Ralph Pelletier, his expression thunderous, called, "Goddammit, Don—what'd I tell you?"
He knows! They all know! They'll tell Vic! Tell the cops!
You spilled your guts just fine this time, fink!
Don shook Duquette until his dentures rattled. "You won't tell! I never said anything about Vic's equipment. You hear me?"
"He's crazy! He's crazy!" Ducky gibbered, hanging in Don's grip limp as a spawned-out salmon.
Choke the lyin' sonuvabitch! Shut him up!
Lute Soderstrom, who stood six-six and had once punched a hole in the radiator of a Kenwhopper, stepped up behind Don and took hold of his arms. A couple of other Blue Ox habitués pried Ducky loose.
Don's howl was agonized. "You won't get away with it! You're all in it together, aren't you? All working with Vic and the others to finish me off!"
"Ease him outside," Pelletier said.
The jukebox was pounding a raucous dirt-rock tune. Women squealed and men shouted jocose advice to Lute as he wrestled his burden toward the door.
"They're waiting for me out there!" Don screamed. "Waiting with Vic!" He tried to coerce the Swede: hopeless. He tried to trip Lute up by knocking over chairs or tables with his psychokinesis: he hadn't a glimmer. He was impotent. He was nothing. A carousel of light and noise and pain spun around him, slowly dissolving to black, and the jeering mental voices receded to a far distance. Don was a dead weight in Lute's powerful arms as they came out into the soft May night.
Lute dragged him around back to the Ox's dark parking lot, picked him up bodily, and dumped him onto a folded tarp in the bed of a little Nissan 4x4. "You gonna be okay, Don." He spoke soothingly. "You stay here, get a little air, maybe sleep. I come back in just a little bit and drive you home, okay?"
Fais un gros dodo, ordure! Haw haw haw...
Don made an inarticulate noise. Lute nodded and went off.
You can't stay here.
You dassn't go to sleep!
Vic knows what you said. You gotta get outa here!
"Je suis fichu," Don mumbled. "Pas de couilles ... mon crâne ... ah, Jésus..."
Pretty late in the game to be calling on
him,
shithead.
He can't help you. Nobody can. Nobody cares what happens to you, you drunken freak.
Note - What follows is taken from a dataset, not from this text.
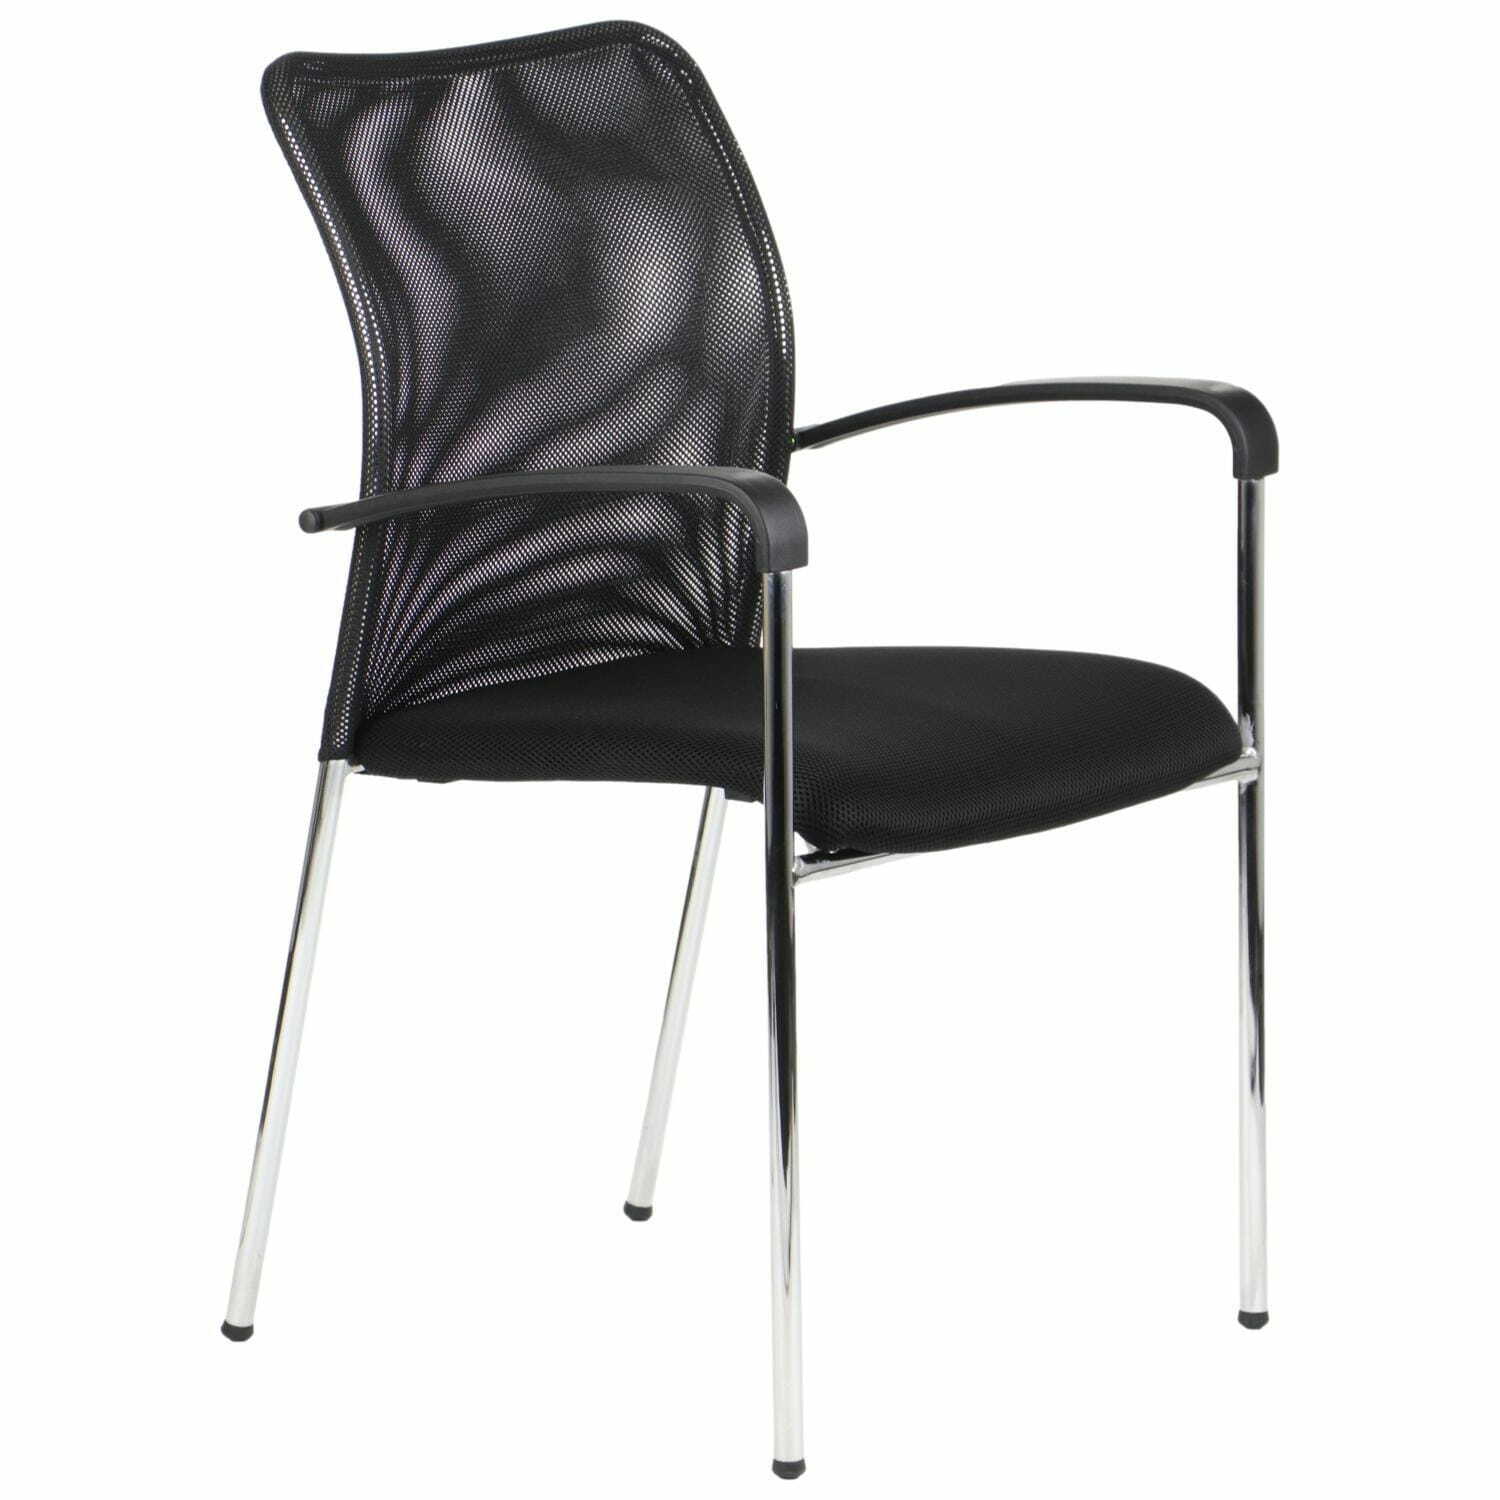 Krzesło konferencyjne do biura, hotelu lub restauracji na stelażu chromowanym HN-7501 - tapicerka w kolorze czarnym

Nobody!
Nobody ... nobody ... nobody...
"You're wrong." The words were slurred, tainted with the bile that had risen in his throat. He clutched at the side of the pickup's cargo bed, summoned strength, and heaved himself up and over. Then he lay on his face in the dirt for a long time, stunned.
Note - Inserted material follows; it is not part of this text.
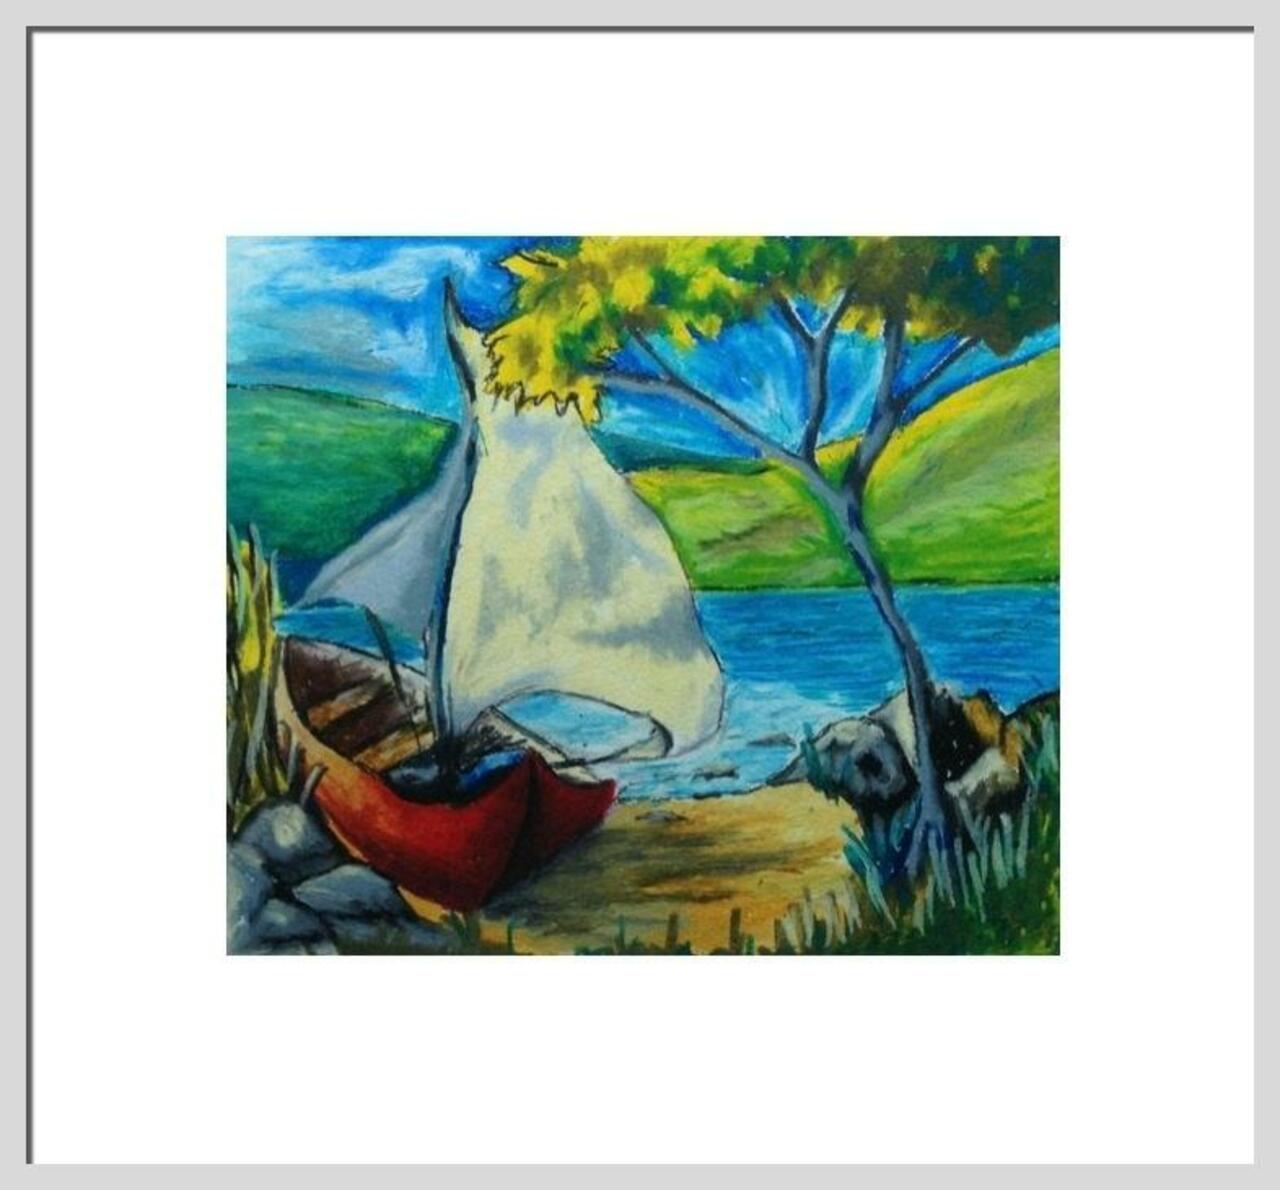 RT @Nickyspaulding: Art Print, Print of Original Landscape, Seascape, Green and Blue Paint… https://www.etsy.com/listing/154936109/art-print-print-of-original-landscape?utm_source=etsyfu&utm_medium=api&utm_campaign=api #Etsy #GreenPainting http://t.co/GStapFLsG7

Something crawled across the back of his neck and he opened his eyes, lifted his head, and grinned at the Nissan's left rear wheel. His senses were reeling but he was no longer a man without hope. The voices were wrong! Somebody did care. Somebody who would help him, who would even fend off Victor...
"Merci, mon Seigneur. Merci, doux Jésus!"
He struggled to his feet, fighting off nausea. His head seemed to be in the grip of iron tongs and he had to lean against the side of the Nissan until the pain subsided and he could see. He peered about anxiously among the parked cars and trucks for signs of the enemy. Nobody was there. Not
yet.
They were waiting for Vic, and it'd take the kid time to get back to Berlin from Pittsburg, sixty miles away via two-lane blacktop.
When he was steady he thumbed his wristwatch. The lighted read-out showed just a little past eleven. She'd have to work until one on Saturday and it was only a mile to walk, along well-lit Main Street and then Riverside Drive. She had her car. He could sit in it and wait, get coffee and sober up. It would be all right.
Pulling himself together, he shuffled onto the sidewalk and came around to the front of the tavern. The music and laughter were louder than ever. They'd forgotten all about him. Lamenting the callousness of it all, he set off north on Main, heading for the Androscoggin Kitchen restaurant and Sunny.